I've also been bouldering some more.  I headed out to Whiskey last week to try and finish off Boogey Monster, which I'd put some work in on a couple weeks ago.  It took a little figuring out, but I was finally able to put it together and send.  I also did a little wandering around and found a new boulder and put up a V5 called Redneck Yacht Club.  There's a cool problem with a two finger pocket next to it that I need to go out and finish off as well.  Here's a video I made from the day.  Enjoy!


Tuesday, May 31, 2011

Bouldering!

Well, it has certainly been a while since I posted last.  For all two of you out there that noticed, my appologies.  Jess and I have been getting out to climb quite a bit no thanks to all the rain we've been getting.  Lately, with the colder temeratures and the threat of rain pretty much every day, we've been doing some bouldering, which is not our typical routine.

A few weeks ago we headed down to Cody, WY to check out the bouldering there.  We had a really good time and climbed a lot of great problems.  I was able to tick off a couple of V9s at the Antelope Boulder, but the highlight of the trip was sending a V5 on the UFO boulder.  A normal strong-guy boulderer could have pulled hard off the starting holds and tossed for the lip and topped out.  I however am not a strong-guy boulderer, so my sequence involved tossing my foot up first, matching with a double toe hook and THEN bringing my hand up.  Super weird and super fun!

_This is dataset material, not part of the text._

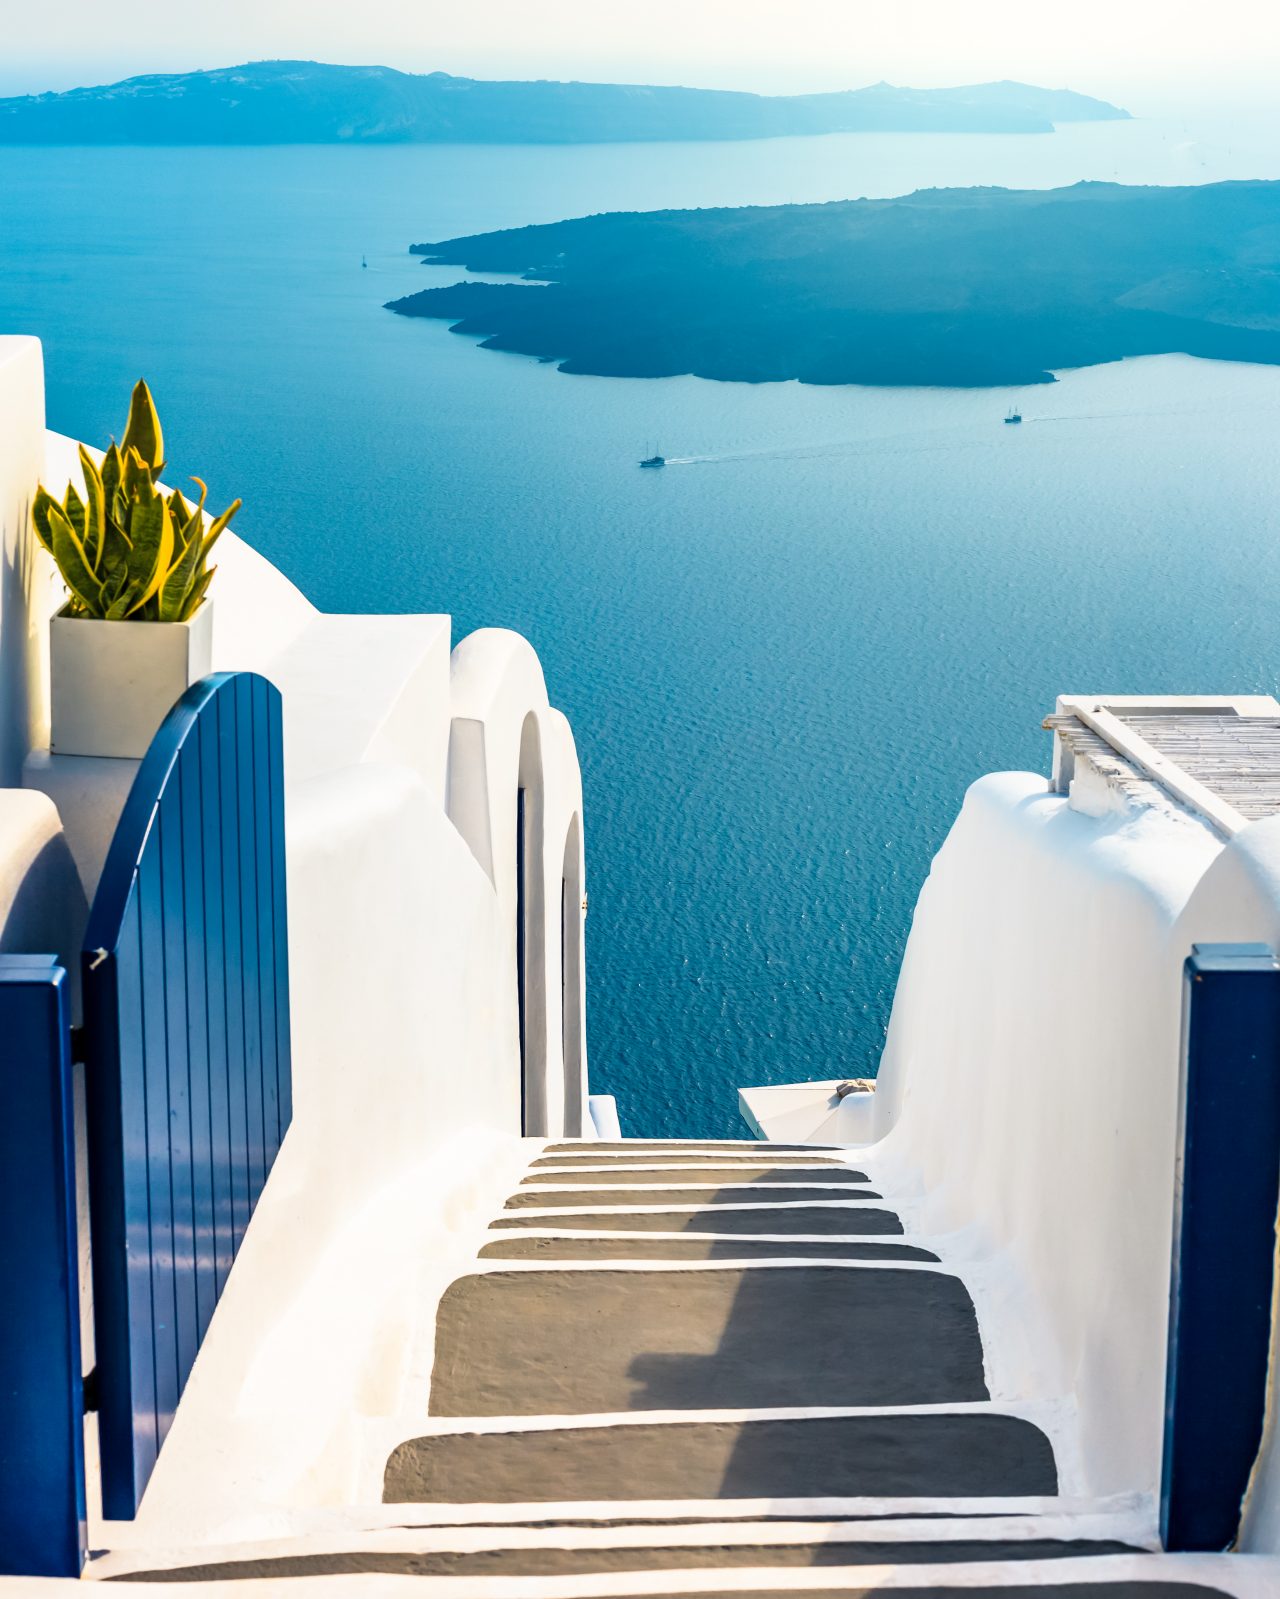 Το απέραντο γαλάζιο της Σαντορίνης, το παραδοσιακό νησί της Ελλάδας για διακοπές πολυτελείας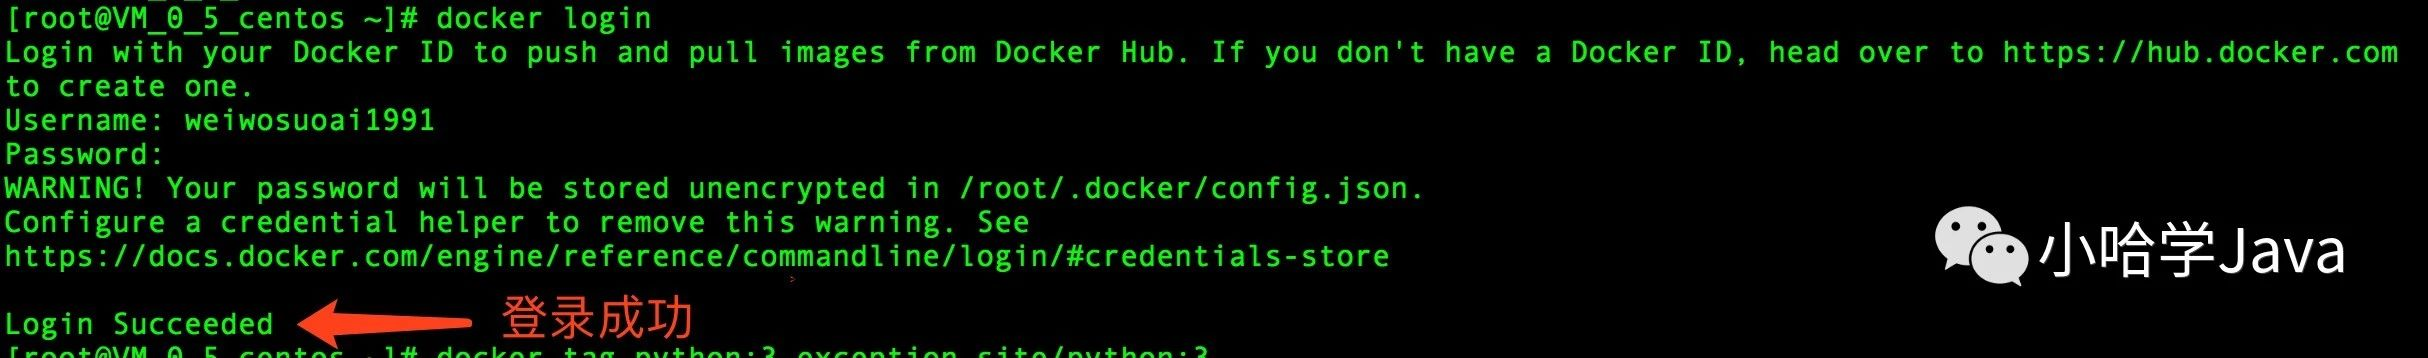 Command line login Docker ID

On Friday, I headed out to Whiskey for a little solo session.  I was able to finish a crimpy traverse problem on the Wave boulder that has taken me forever and then I moved on to the Green Monster (V9).  I've put a few days in on this thing so I wanted to see if I could finish it off.  After a little while, I managed to finally stick the crux and finish it off.  I am really psyched to have done that problem, it's classic!  Jess and I went out to Whiskey Saturday as well and had a good time.  Jess did a V4 on the Wave boulder and came really close to doing Opiate of the Masses (V4) on the Pope's boulder.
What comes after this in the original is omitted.